Credit card balances, burden, delinquencies and collections in the third quarter: consumers are still in good shape with their cards

Credit cards are primarily a payment method, paid monthly. The importance of borrowings has diminished over the years.

By Wolf Richter for WOLF STREET.

Credit card balances include balances that accrue interest and balances that are paid in full by the due date such that no interest accrues. Many Americans use credit cards only as a method of payment (and to get the 1.5% cash back or whatever), not as a method of borrowing. Thus, credit card balances are much more a measure of spending than borrowing.

Fitch estimated that the total amount paid with credit cards in the United States reached $4.6 trillion in 2021. Only a tiny fraction of the expenses were not fully repaid and added to the debt carrying interest.

In the third quarter, credit card balances rose $38 billion from the previous quarter to $930 billion, according to the New York Fed. Household debt and credit report. This $930 billion includes transactions initiated roughly in September but fully repaid in October, which do not generate interest.

Credit card spending has been boosted by the resurgence in travel, with credit cards being used as a method of payment for hotels, airline tickets, rental cars, meals, and more. Soaring costs are further increasing the amounts that pass through credit cards. But cardholders fully refunded almost all of the new amounts paid by credit card during the quarter.

Households have a lot of debt, but the problem isn’t credit cards, it’s mortgages.

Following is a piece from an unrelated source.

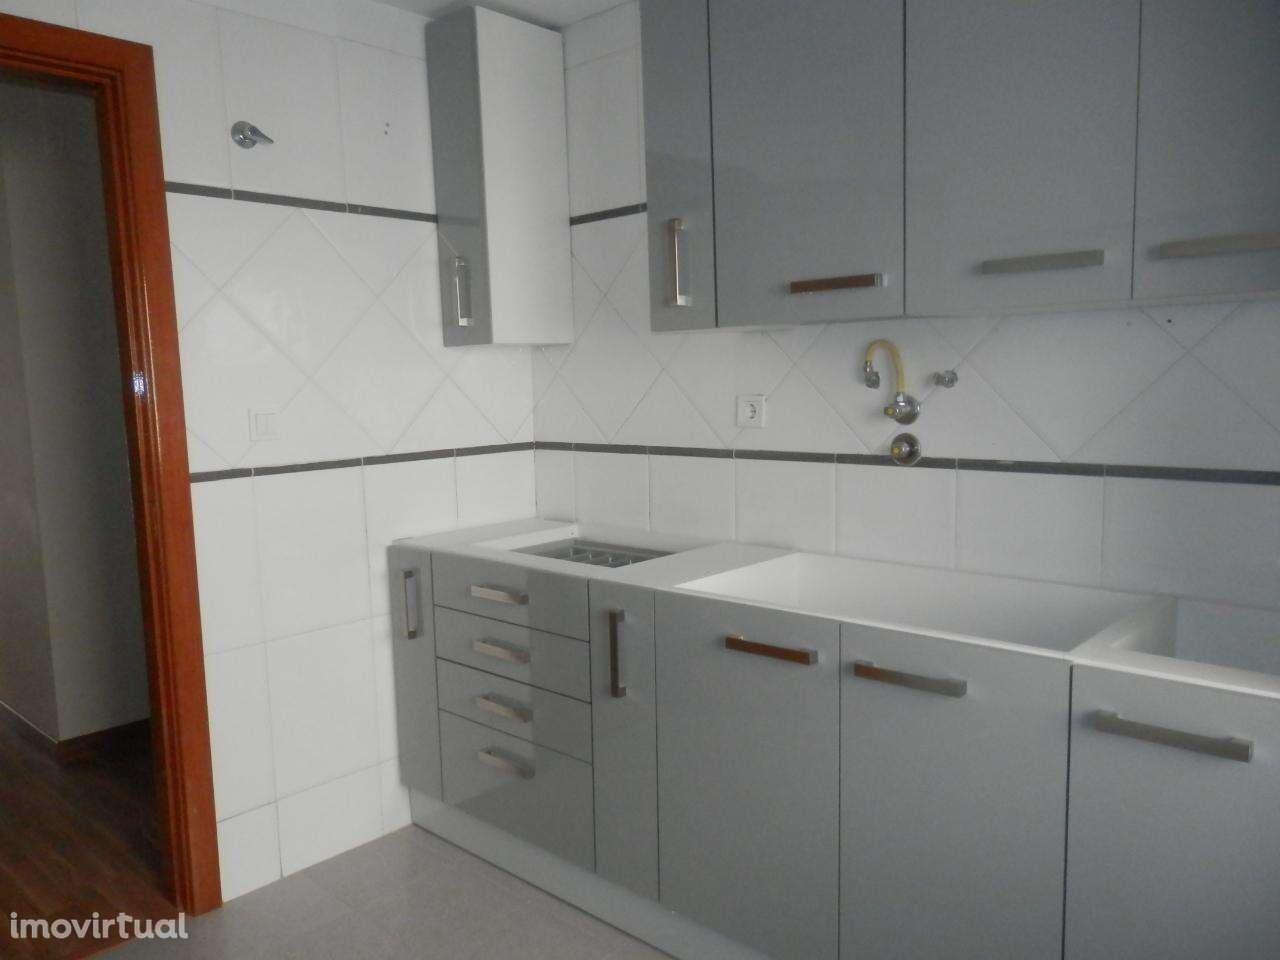 Apartamento para comprar, Rio de Mouro, Sintra, Lisboa - Foto 1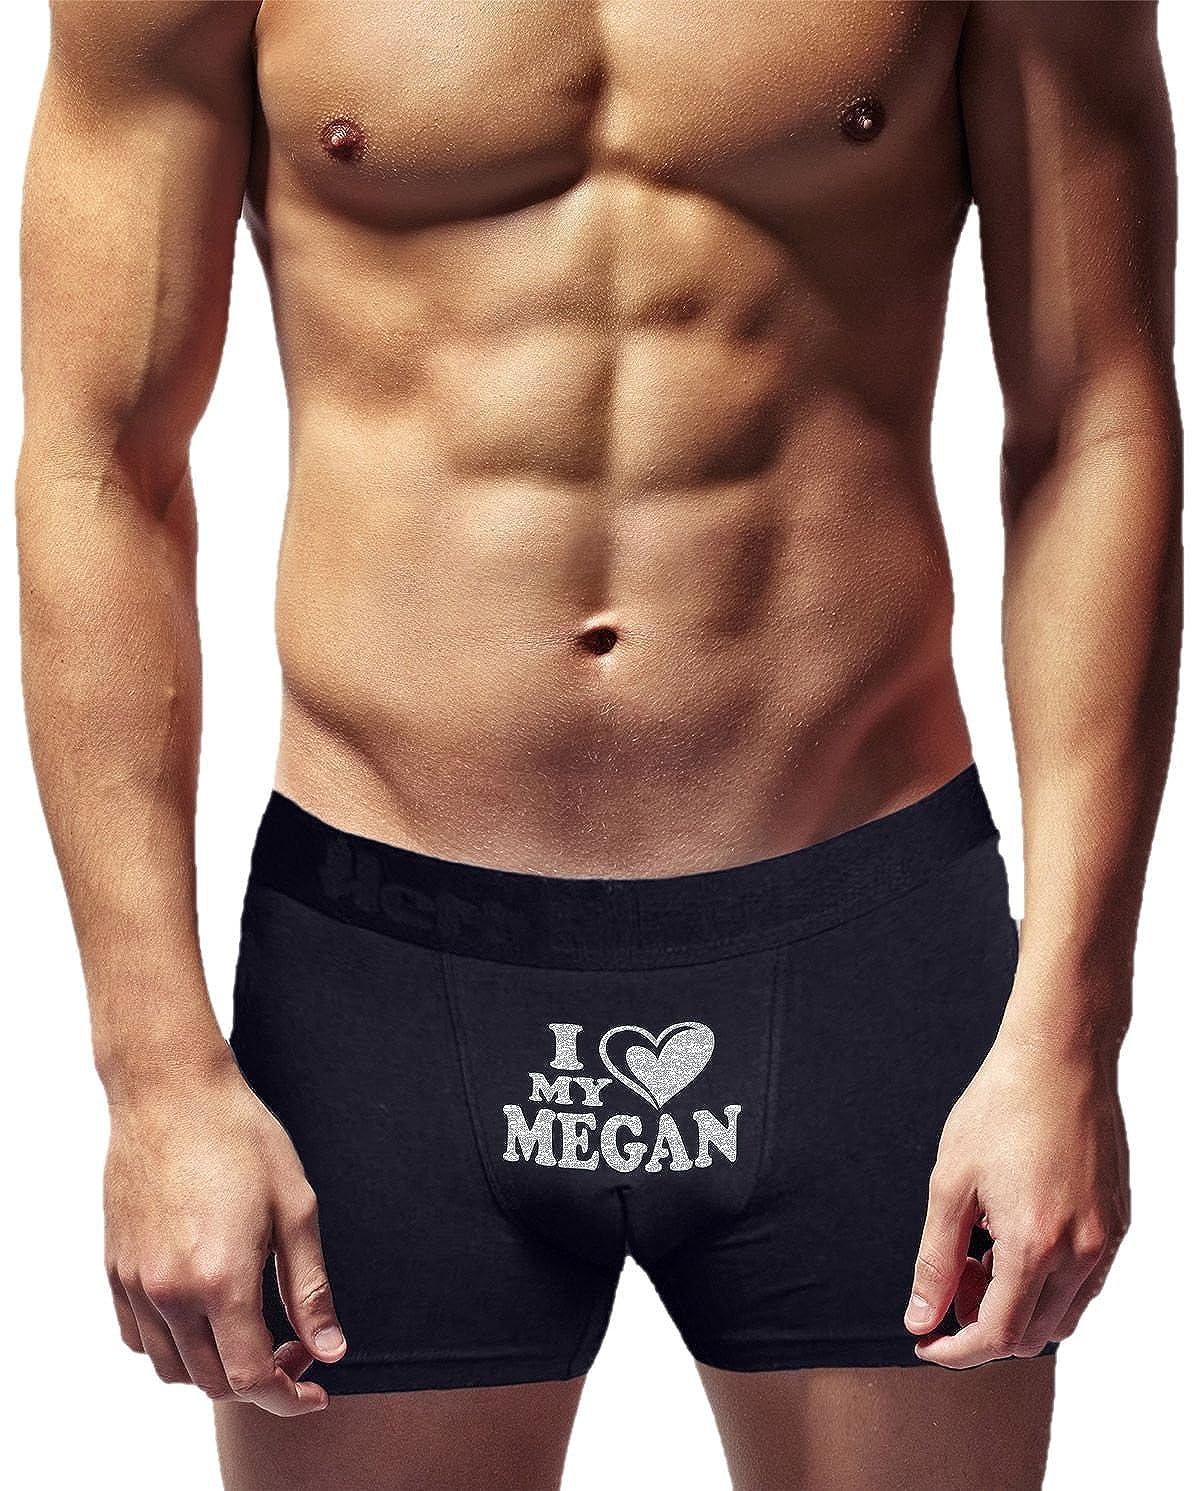 Novelty Item. Birthday Present I Love My Megan Innovative Gift Herr Plavkin Cool Boxer Briefs

In a moment, we’ll look at credit card balances as a percentage of total consumer debt and as a percentage of disposable income, and we’ll look at delinquencies and third-party collections, and we’ll see that the burden of revolving credit is not more than a small fraction of what it was in previous years and decades, and delinquencies have started to rise, but are still below pre-pandemic lows, and third-party collections have dropped to new records.

During the pandemic, plummeting reservations for airline tickets, hotels, entertainment and sports venues, restaurant meals, etc., have led to a drop in the use of credit cards as payment , and that’s where the big dip happened; it shows the collapse of expenditure on services. It is now back to normal as service spending recovers.

And yet, outstanding credit card balances in the third quarter increased by only $43 billion, showing the universal use of credit cards as a method of payment, with balances paid in full each month, and in the extent to which credit cards are used as a method of borrowing. And that makes sense because borrowing with a credit card can be ridiculously expensive, with rates as high as 30%, but paying with a credit card can earn you a kickback.

“Other” consumer loans, such as personal loans, payday loans and Buy-Now-Pay-Later (BNPL) loans, increased by $21 billion, reaching $490 billion in the third quarter . Most of them bear interest, but not all of them: for example, BNPL loans can be subsidized by the trader. These loan balances are now back to their 2003 level, despite 19 years of population growth, rising incomes and runaway inflation.

What is amazing, in fact, is how down these balances are after 20 years of population growth, income growth and inflation:

Decrease in the amount of credit card debt.

Consumers have reduced their reliance on credit card debt over the years, although credit cards have largely replaced checks and cash as payment methods. In 2021, $4.6 trillion was spent on credit cards, yet over the same period credit card balances grew by only $40 billion.

In 2003, credit card balances and other loans combined (the red and green lines in the chart above) accounted for more than 16% of total consumer debt, which also includes mortgages, auto loans and student loans. During the pandemic, this figure fell to 8%. In the third quarter, credit card balances and other consumer debt reached 8.6% of total consumer debt, roughly within the range of the pre-pandemic low in 2014.

Debt burden as a percentage of disposable income.

In 2003, credit card balances and “other” consumer debt accounted for 14% of disposable income (income from all sources minus taxes and social contributions). And then over the years it fell steadily as the burden of credit card balances and “other” consumer loan balances fell relative to disposable income. In the first quarter of 2021, it fell to an all-time low of 6% as disposable income ballooned with stimulus funds. In Q3 2022, it rose to 7.6%, roughly within the range of pre-pandemic lows:

Delinquencies increase, remain at or below pre-pandemic lows.

Stimulus funds delivered directly to consumers during the pandemic – stimulus checks, PPP loans, additional unemployment benefits, etc. – as well as the sums that consumers did not have to pay – mortgage forbearance, bans on eviction, etc. dough, and many who had fallen behind on their credit cards have caught up. Others were able to enter their credit card arrears into forbearance programs, and the outstanding balance was marked “current”.

That’s all over, and credit card balances that are becoming unpaid — 30+ days past due — have been growing all year. In the third quarter, they reached 5.2% of total balances, which is in the same range as during the pre-pandemic lows of early 2016.

“Other” consumer loans, such as personal loans, that are becoming delinquent reached 5.8% of total “other” balances and remain well below pre-pandemic lows:

Third-party collections fell to new all-time lows.

The percentage of consumers with third-party collections fell to 5.7%, the lowest on record, and down from 14.6% of all consumers following the unemployment crisis of the Great Recession.